Selçuklu ve Osmanlı Devirlerine ait bir çok eser de Yozgat ve ilçelerinde bulunmaktadır: Çandır Kümbeti, Çayıralan Çerkezbey Türbesi, Saraykent Çinçinli Sultan Hanı, Behramşah Kalesi, Çekereksu Hanı ve Köprüsü, Çapanoğlu Camii vb. (Arslan, 2000). İl Valiliği öncülüğünde 7 yıldır Yozgat'a has özelliği olan Haziran ayının ilk haftasında Sürmeli Festivali yapılmakta olup, İle hem kültür hem de ticari bakımdan ekonomik canlılık kazandırmaktadır.

(32)

2.2. Konu İle İlgili Bilgiler

2.2.1. Sanat

Belli kalıplar içine konulamayan ve estetik olan insan duygularının dışa vurumudur ( Doğan, 1975).

İnsanlık tarihinin her döneminde var olan bir olgudur. İnsanlığın geçirdiği evrimler yaşama biçimlerini, yaşama bakışlarını, sanat biçimlerini ve sanata bakışlarını değiştirmiş, her dönemde ve her toplumda, sanat farklı görünümlerde ortaya çıkmıştır. Bugün sanatın “duygusal ve düşünsel etkileme gücü”ne sahip oluşu daha belirleyicidir ( Sena, 1972).

Sanat, nesnel ve öznel yaklaşımlara göre farklı açıklanır. Nesnel yaklaşımda sanat, toplumsal etkilerle, öznel yaklaşımda ise salt bir bireysellikle yaratılır ( Sözen ve Tanyeli, 1986).

Sanat, deha düzeyindeki zekânın, var olana karşı tepkisinin, tutarlı bir bütünlük içerisinde somutlaştığı bir alandır. Sanatçı, zekâsı ve sezgileriyle çağının önünde giden insan olduğu için, gerçek sanatın anlayanı azdır. Onu anlamak için çaba gerekir ( Timuçin, 1993).

2.2.2. El Sanatları

Köklü bir geçmişin ürünü olan ve çok zengin çeşitliliğe sahip Türk El Sanatları, maddi kültür varlığımızın en değerli belgeleridir. İnsanlığın çağlar boyunca yaratıp ürettiği kültür varlıkları gelişim ve değişim içinde sürekli olarak geleceğe aktarılırlar.

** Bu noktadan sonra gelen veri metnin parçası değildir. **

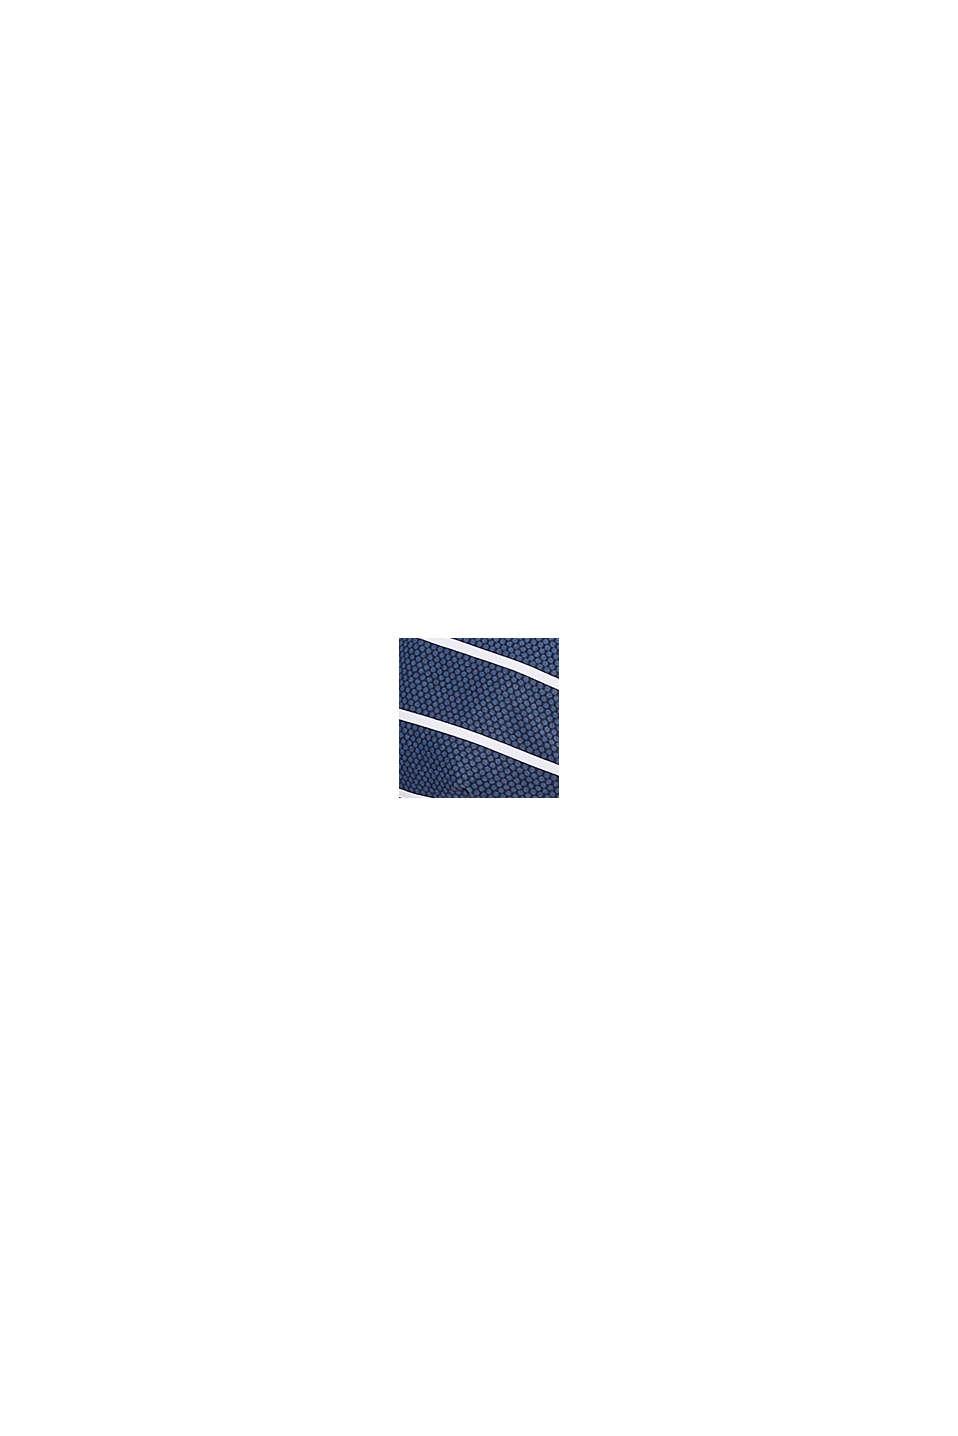 Unwattiertes Bügel-Top mit Streifen, DARK BLUE, swatch

El sanatları bütün halk sanatları gibi, bir ulusun kültürel kişiliğinin en canlı ve anlamlı belgeleridir (Taciser Onuk,1988).

El sanatları ilk dönemlerde insanların beslenme, giyinme, barınma gibi temel ihtiyaçlarını, daha sonraki dönemlerde ve günümüzde ise insanların süslenme, yaşadıkları mekanları süsleme gibi kişisel zevk ve isteklerini karşılayan ürünler olarak üretilmiş ve üretilmektedir.

(33)

Önceleri ihtiyacı karşılamak amacıyla, basit araç gereçlerle yapılan bu süslemeler zamanla birer sanat haline gelmiştir. Bu tarihsel süreç içinde, özellikle endüstrileşme ve toplumsal değişmeler sonucu el sanatları zamanla unutulmaya, yok olmaya başlamıştır.

Türkiye, her yöresi birbirinden farklı zengin el sanatları ile dolu bir ülkedir. Bu alanda tespit amacıyla çok sayıda araştırma yapılmış, ancak yaşatılması ve üreterek kullanılabilir duruma getirilmesi adına yeterli sayıda çalışma yapılamamıştır.

El sanatları yılın her mevsiminde ve günün her saatinde, her yaşta ve öğrenim durumunda, sağlam ya da özürlü bireylere iş olanakları sağlaması, materyal temininde ve işleme tekniklerinde dışa bağımlı olunmaması gibi özelliklere sahiptir.

Büyük sermaye ve tesis gerektirmeyen el sanatlarının, bütün bu özellikleri göz önünde tutulursa, turistik eşya üzerine uygulanarak üretilmesi ve pazarlanması için verilecek eğitimin önemi ortaya çıkmaktadır.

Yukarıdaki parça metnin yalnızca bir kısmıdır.